Krzysztof Gilarowski, a front desk manager at the Limelight Hotel in Ketchum, organized the event.
“In the five years I’ve lived here, it just keeps getting tougher and tougher, and I decided to do something about it,” he said.
He said he was, in part, inspired to hold the event because more and more coworkers have been forced to move away because they couldn’t find places to live. One recently had to relocate to Mountain Home and ended up getting a job in Boise instead of making the roughly two-hour commute to Ketchum.
“You can’t have a town where you recycle people, where every five months you hire new people,” he said. “We need a solution for people where they have housing they won’t get kicked out of.”
On the surface, the goal of the Gilarowski’s organizing was to bring people together in support of one proposed affordable housing project: Bluebird Village. The project would put 56 affordable apartments where the the current city hall is now. It's going through the Planning and Zoning Commission approval process, where opponents have been vocal.

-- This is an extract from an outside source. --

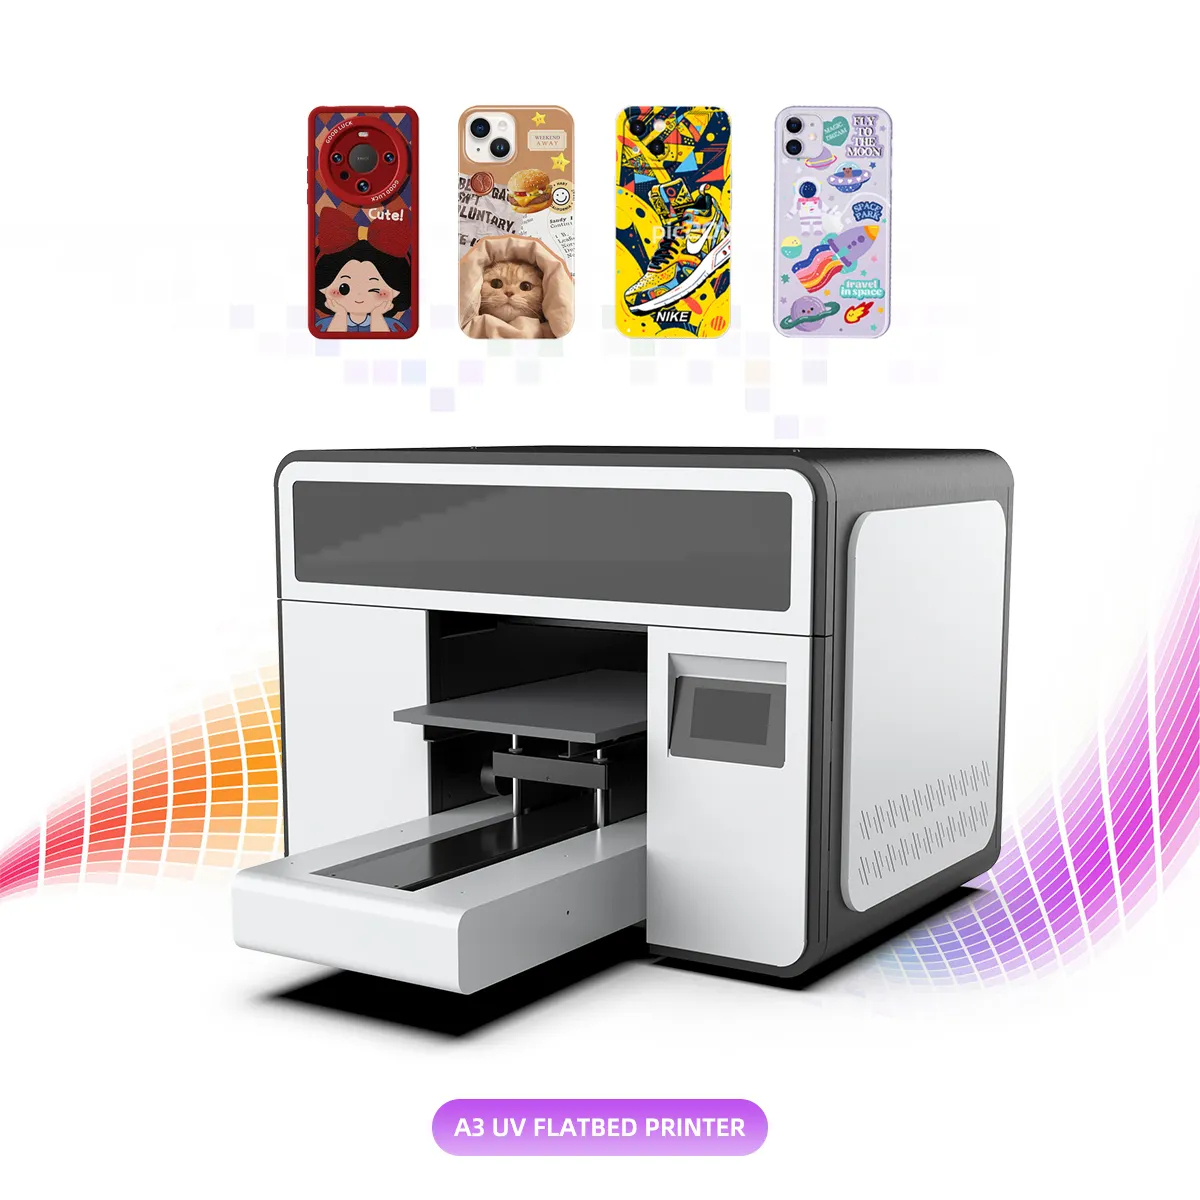 फ़ोन केस यूवी प्रिंटिंग मशीन स्वचालित मिनी प्लॉटर ए3 यूवी फ्लैटबेड प्रिंटर i3200 प्रिंटर इंकजेट यूवी प्रिंटर ए3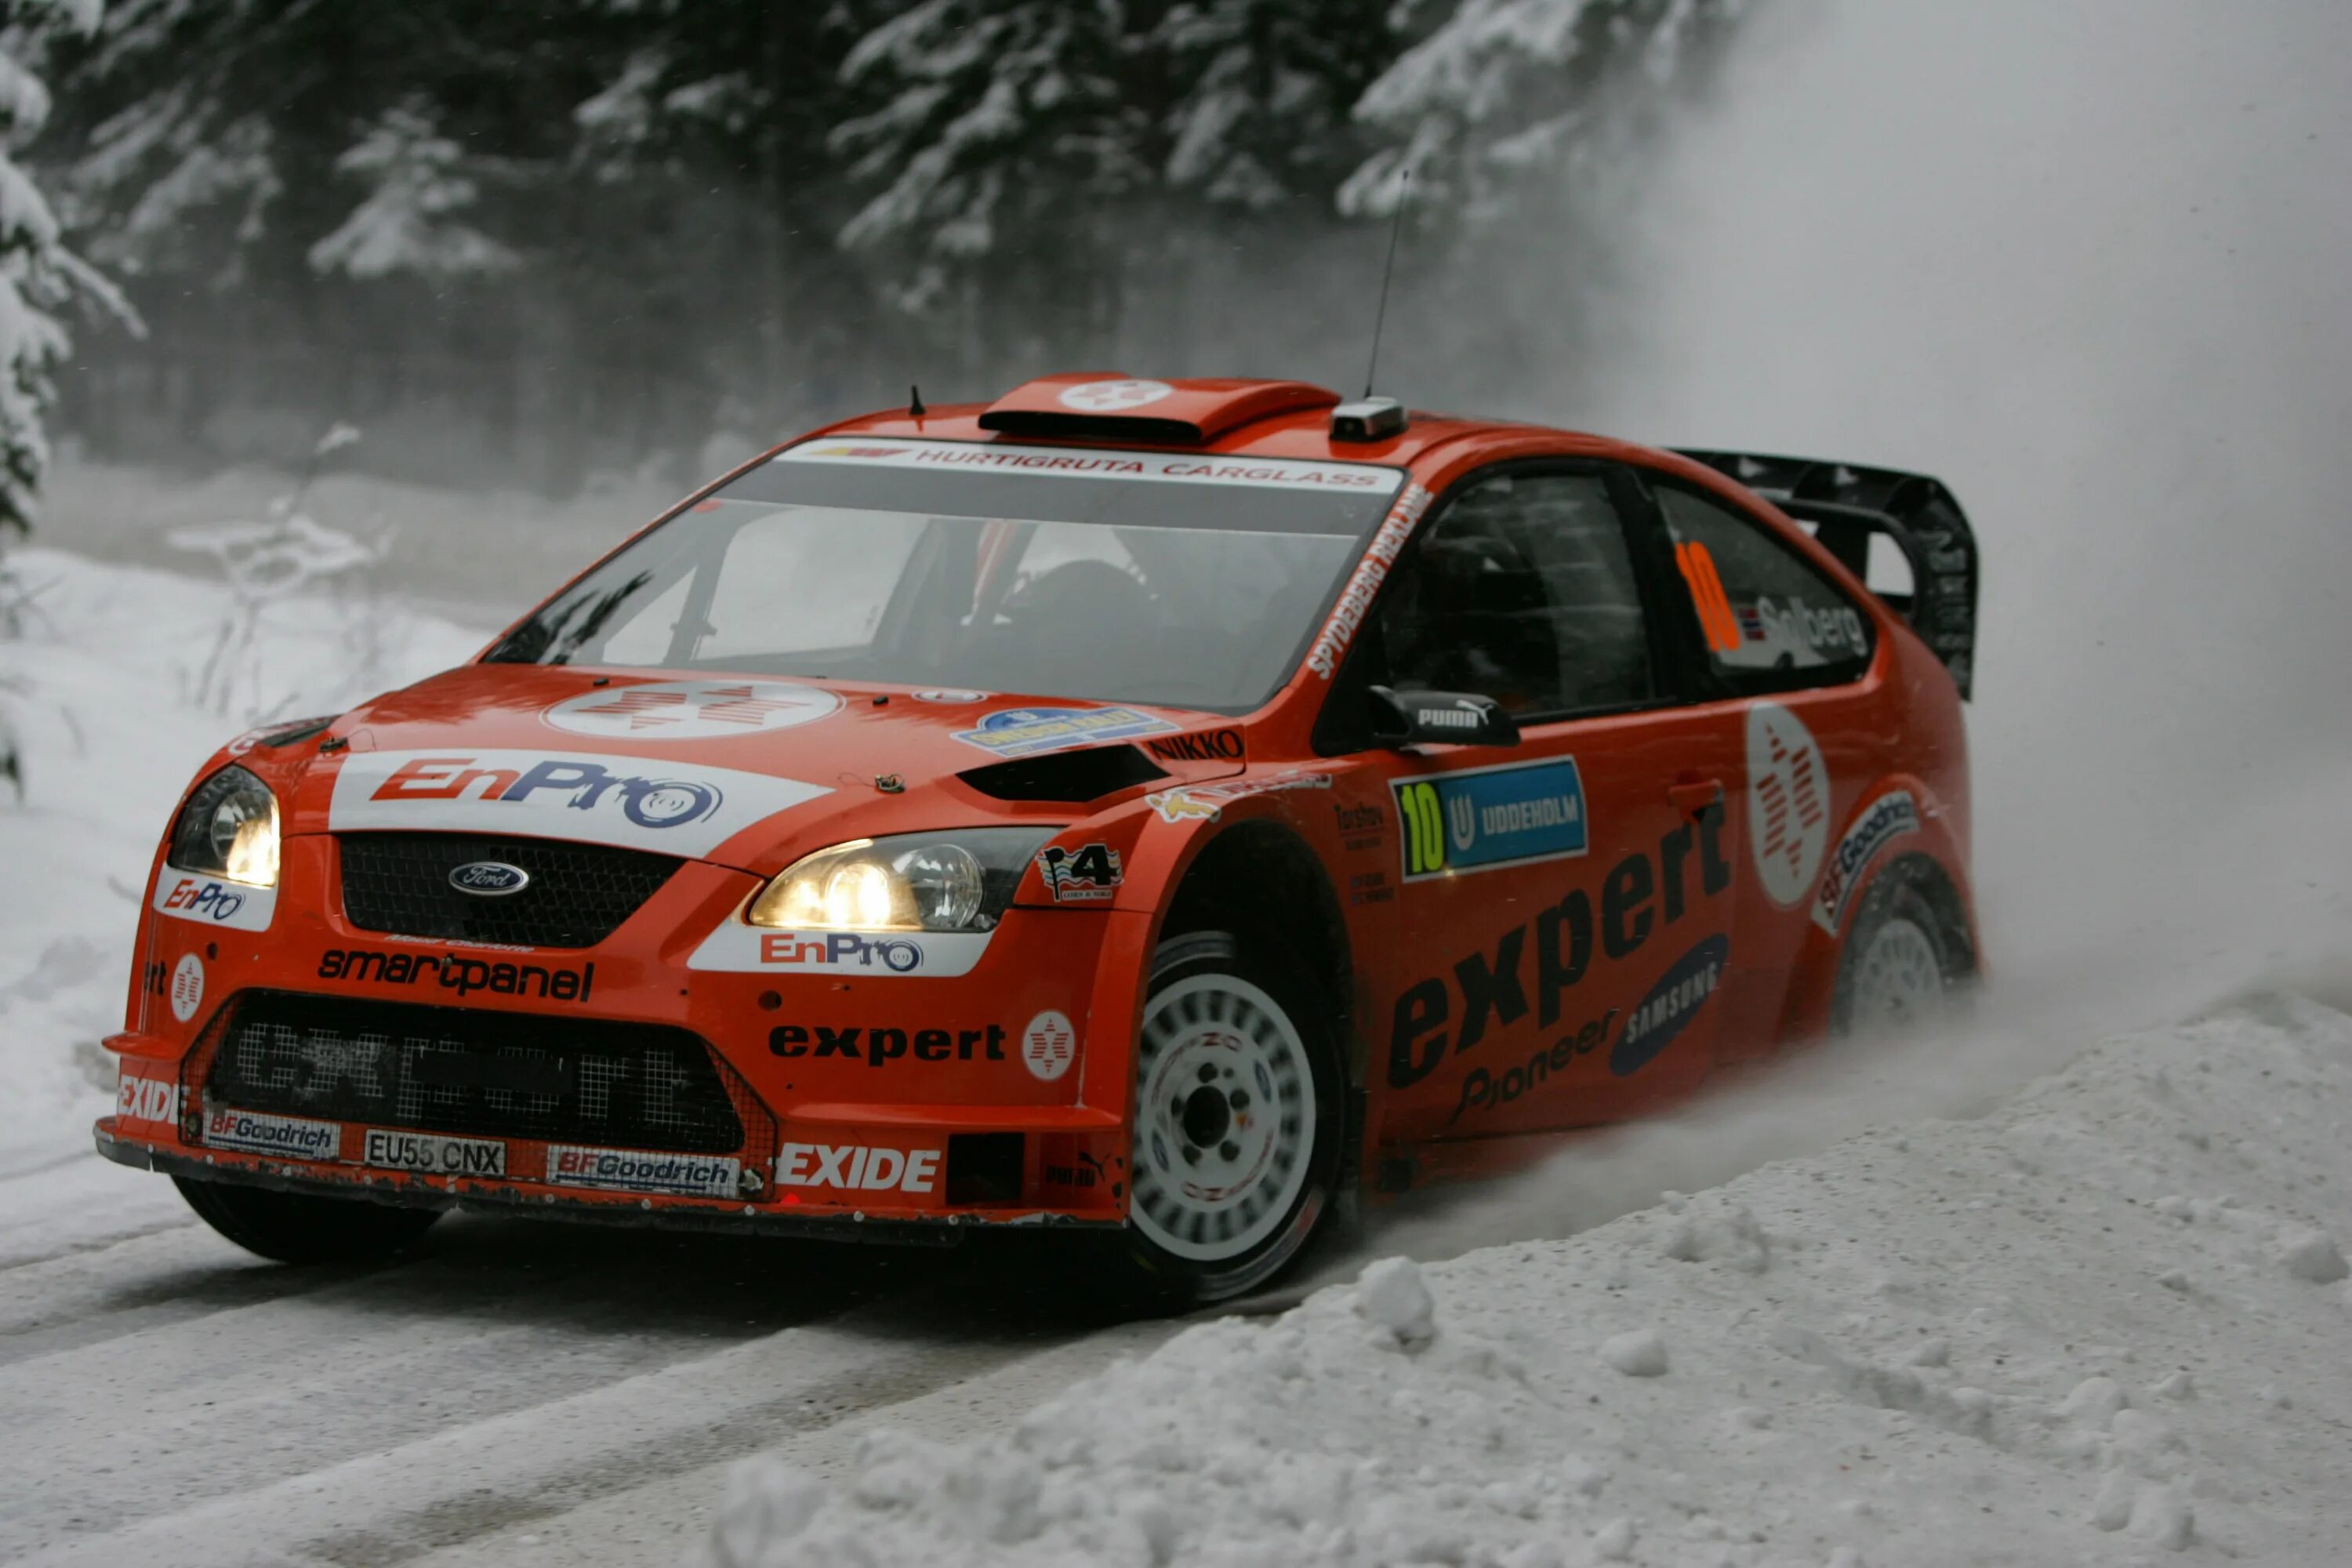 Топ ралли. Вольво ралли ралли 940. Nissan Sunny Rally WRC. Ралли Формоза 2002. Ралли Формоза 2001.

In between community members sharing their stories, Gilarowski would tell people how to participate in those city meetings to make their voices heard.
But much of the focus Saturday was on the housing crisis beyond Bluebird Village. The speakers pointed out it's just one project and there is need now, not next year or the year after that when the apartments could become available.
Many service industry workers spoke and highlighted the urgency of the issue. They mentioned friends living in vehicles because they can’t find anywhere else to live.
Reid Stillman, who grew up in Ketchum and helped run the event, said the 500-square-foot apartment he is renting recently sold for $420,000. He said he has to move out by September and doesn’t know where he’ll go.
Gilarowski said he was impressed by the turnout and that there was a sense that the conversation is changing. One Ketchum City Council member who was at the demonstration agreed.
“This has been one the top issues of this community since the 80s, certainly,” Michael David said, “and yet, we’ve never had something like this,” referring to the demonstration. “We’ve never had the lip service move beyond into action.”